Allow running PS nodes on the spark driver #183

winston-zillow · 2017-12-05T20:04:51Z

The current behavior is to start the tensorflow PS nodes on an spark executor. This would mean wasting GPUs available on that node. These changes allow one to start the PS nodes in the driver while the workers are started on the spark executors

anfeng · 2017-12-15T18:09:17Z

@winston-zillow please address the conflict

leewyang · 2017-12-19T00:35:27Z

@winston-zillow Finally had time to take a more detailed look at this in my environments (Spark Standalone, Hadoop/YARN).

In my setup, I saw the following:

It looks like the Spark job isn't stopping cleanly (I'm assuming due to the PS thread).
I had to explicitly set --cluster_size equal to --num-executors plus one for the PS node.
I had to run a TensorFlow/CPU build on the driver, while running a TensorFlow/GPU build on the executors. Not sure if this is well supported by TF, but it worked.

Have you seen similar issues in your env? If not, can you describe your setup?

winston-zillow · 2018-01-11T01:40:36Z

@leewyang my spark job was able to completed and that TFonSpark joint successfully. I was on hadoop/YARN in EMR env and use the python codes to start the spark jobs. I haven't tried the spark submit. is that what you use? will try again to see if I have any issue.

leewyang · 2018-01-11T16:55:34Z

Yes, we use a dedicated Hadoop/YARN cluster with spark-submit.

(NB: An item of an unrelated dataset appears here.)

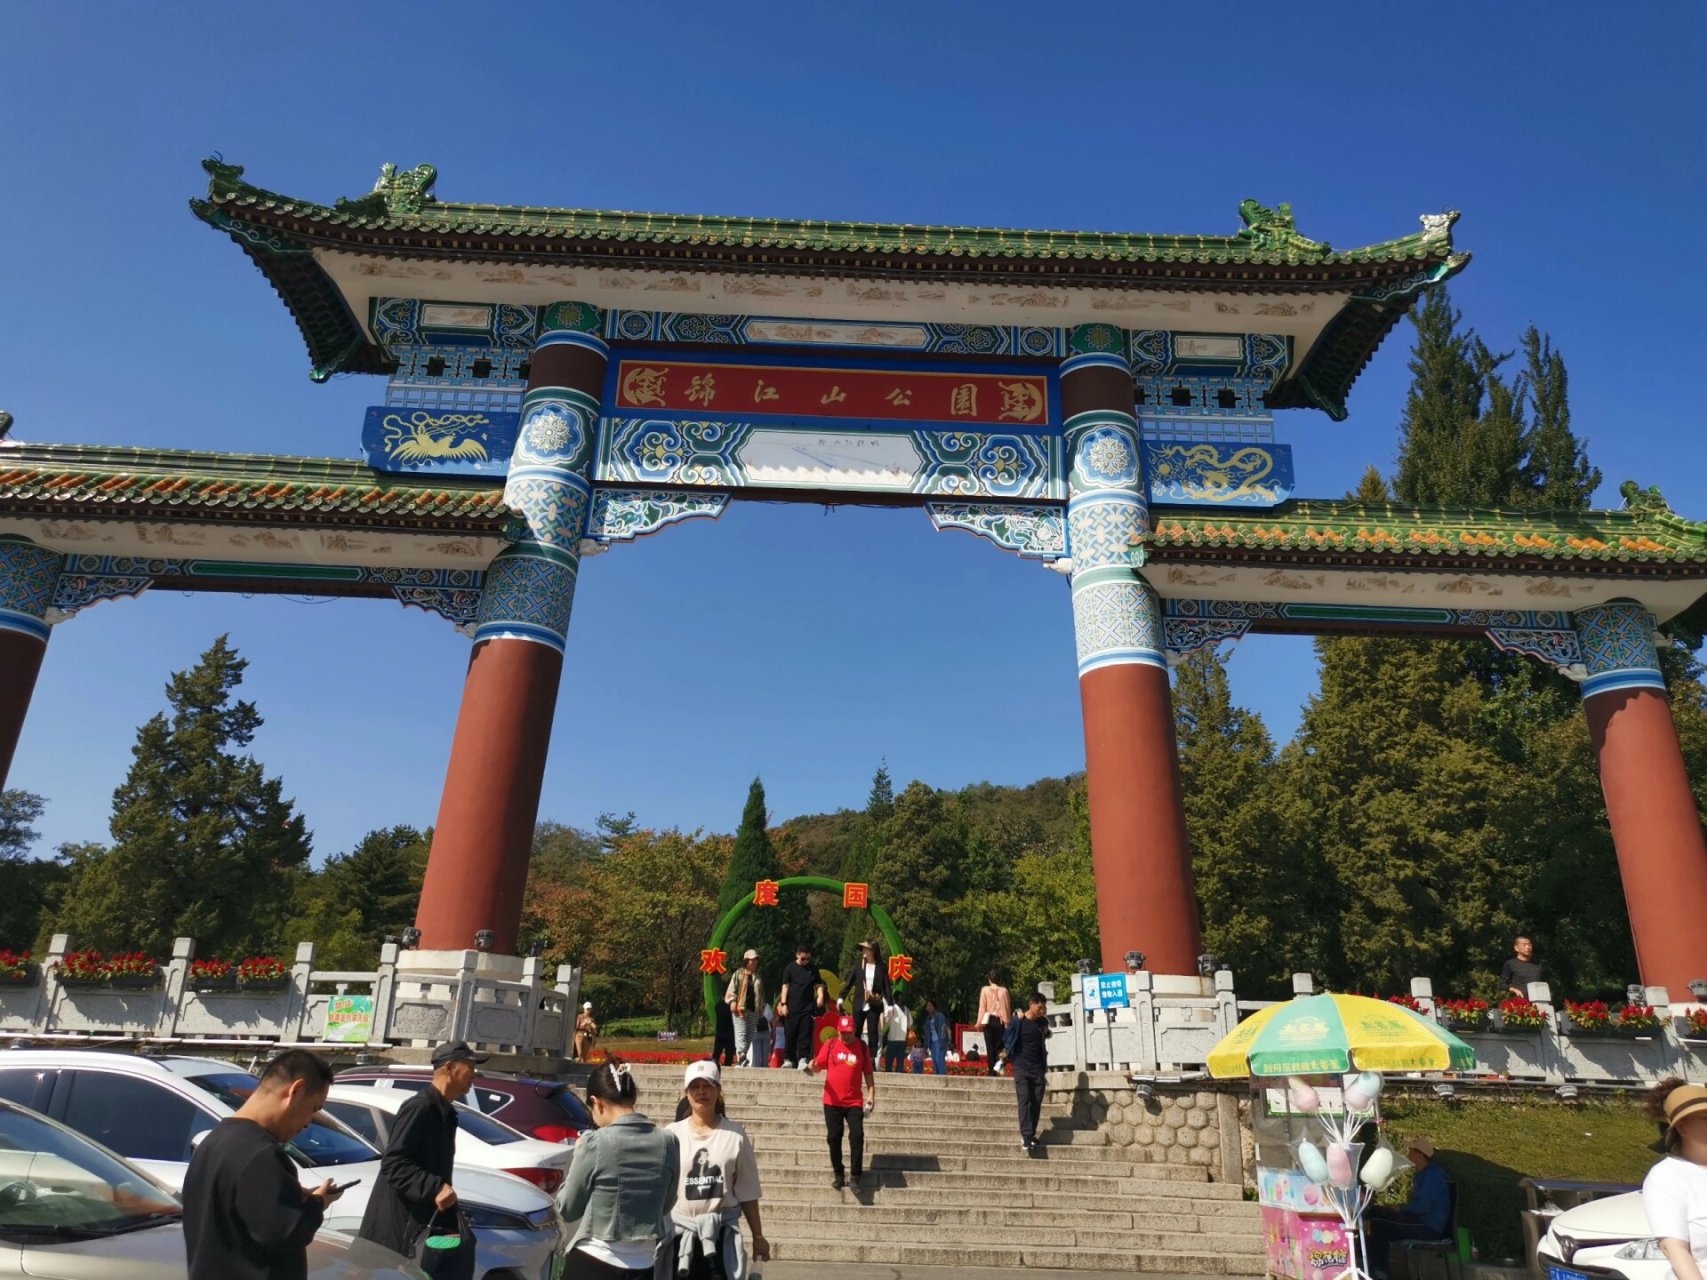 锦江山公园 历史很悠久的公园,据说是丹东人从小玩到大的公园,里边分

# Conflicts: # examples/mnist/spark/mnist_spark.py # tensorflowonspark/TFCluster.py # tensorflowonspark/TFSparkNode.py # tensorflowonspark/pipeline.py

winston-zillow · 2018-01-19T00:34:56Z

@leewyang I fixed the problem of the driver node not terminating. Also this seems to work only in TENSORFLOW mode, so I put in a check.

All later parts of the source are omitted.